Informative subset selection (skquery.select)

This module regroups preprocessing methods to select informative subsets of a dataset on which query strategies can be applied.

class skquery.select.EntropySelection(m)[source]

Selects the most informative samples according to the entropy of their soft partition. Strategy based on Chen and Jin (2020).

csts_to_file(constraints, filename='constraints')
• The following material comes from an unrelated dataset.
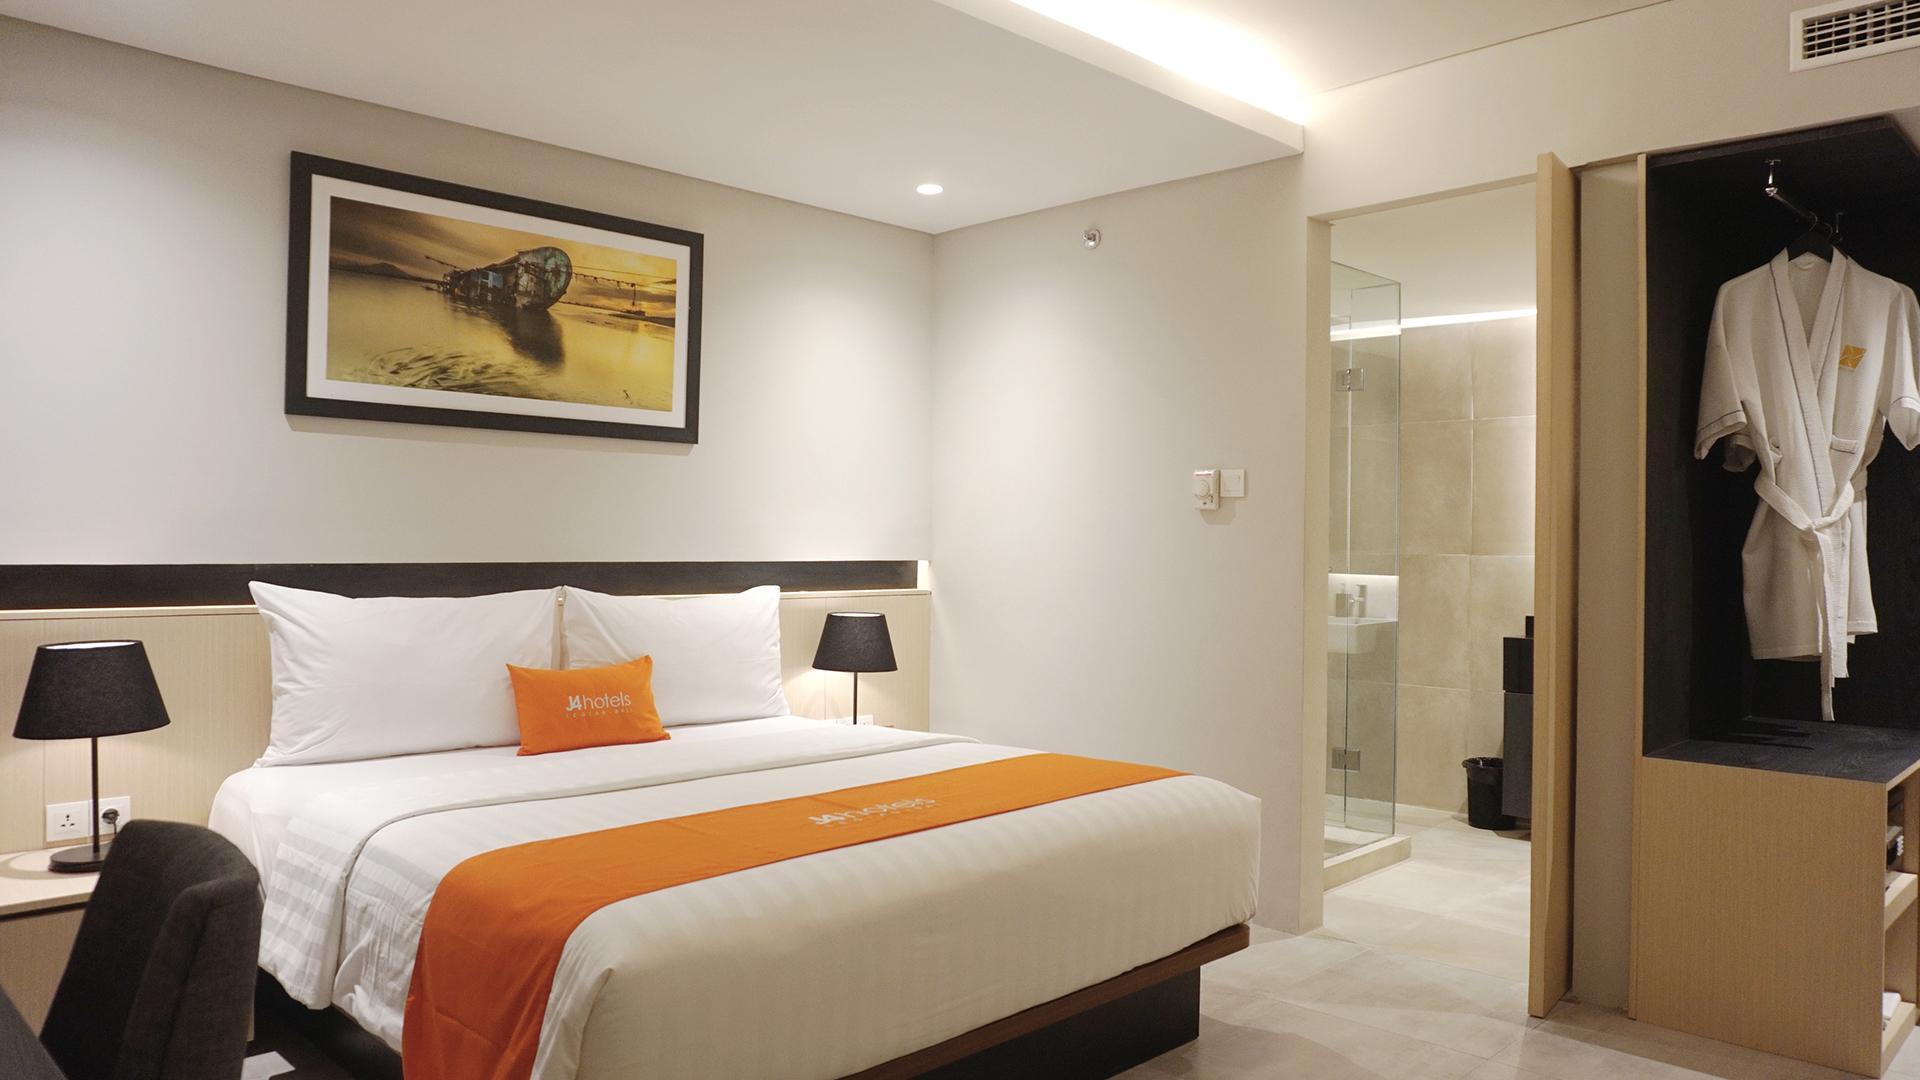 Grand Superior Room image 1 at J4 Hotels Legian by Kabupaten Badung, Bali, Indonesia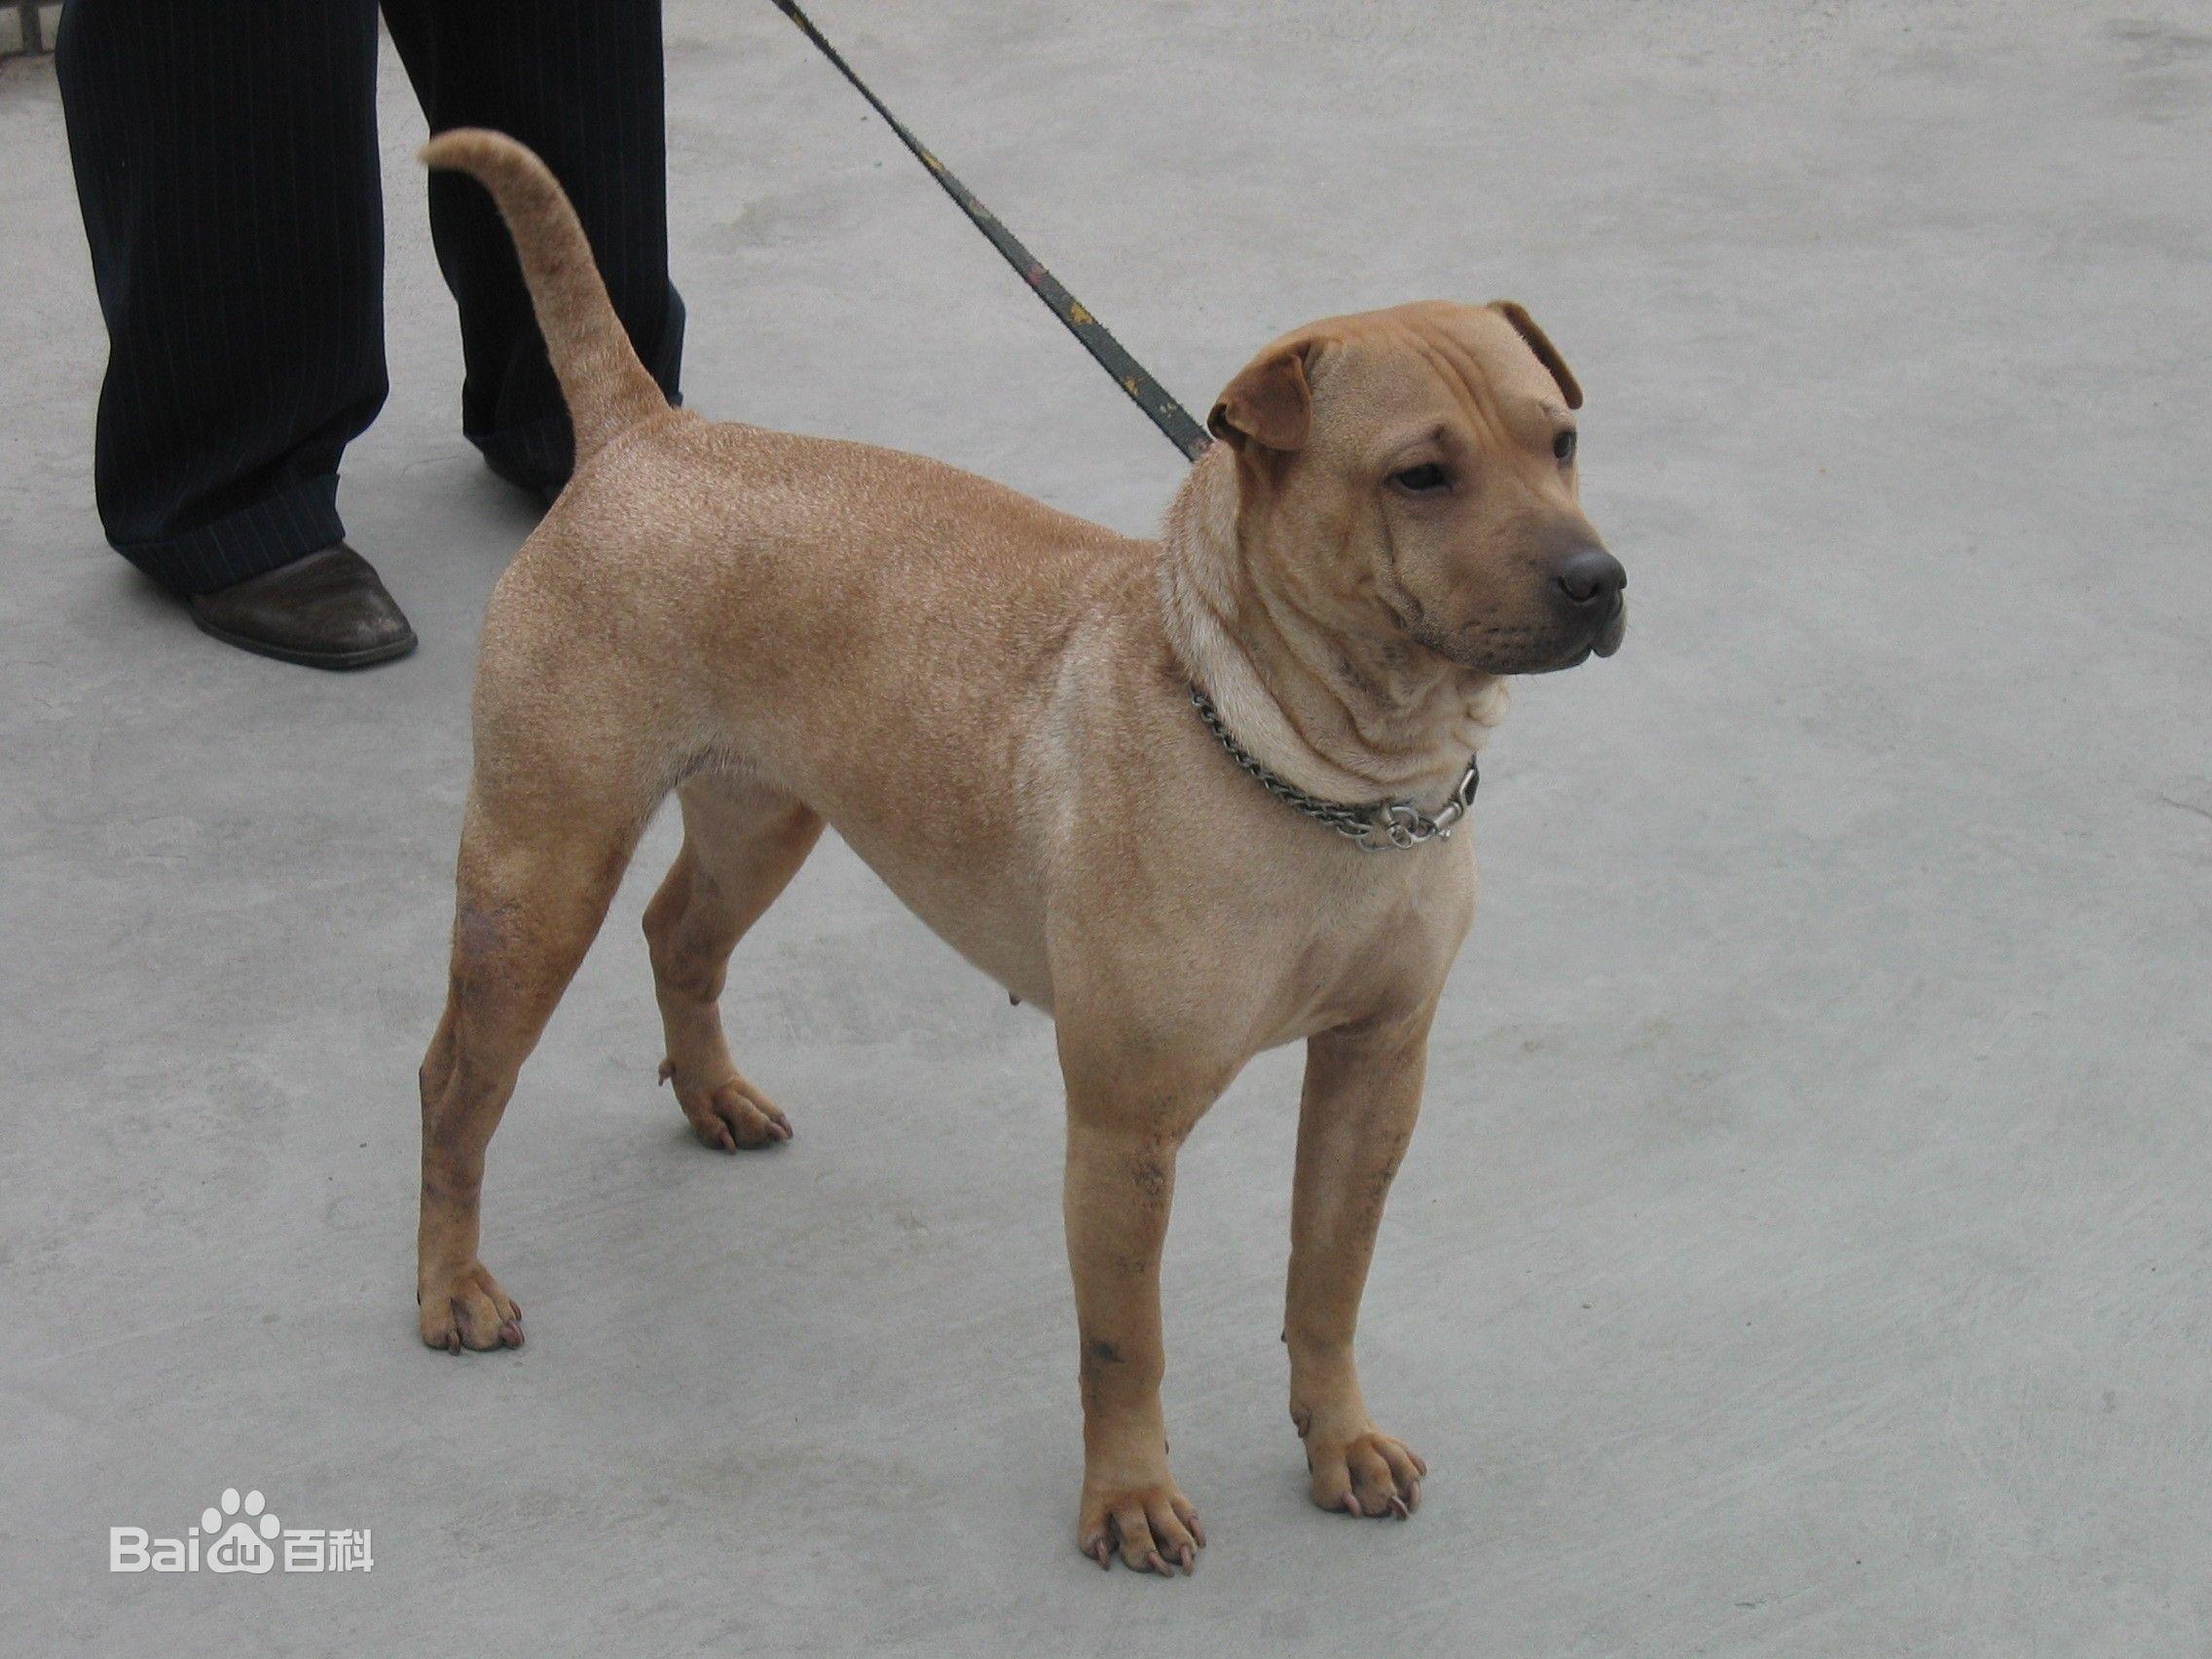 沙皮狗能看家吗_谁能看出这只狗狗是什么品种?是大型犬吗??_百度知道

Write the contents of a constraint dictionary into a text file.

Parameters

constraintsdict of list

Constraints to write.

filenamestring, default=”constraints”

Name of the output file.

select(X, partition, return_best=False, fuzziness=2, tolerance=1e-05, max_iter=100)[source]

Selects the most informative samples according to the entropy of their soft partition.

Parameters

X: array-like

Dataset to select from.

partition: array-like

Partition of the dataset.

return_best: bool, default=False

Whether to return the best sample along with the set of selected samples.

fuzziness: float, default=2

Fuzziness parameter for the fuzzy c-means algorithm.

tolerance: float, default=10**-5

Tolerance parameter for the fuzzy c-means algorithm.

max_iter: int, default=100

Maximum number of iterations for the fuzzy c-means algorithm.

Returns

selected: list

List of selected samples.

best: int

Index of the best sample, if return_best is True.

class skquery.select.NearestNeighborsSelection(m, distances=None)[source]
csts_to_file(constraints, filename='constraints')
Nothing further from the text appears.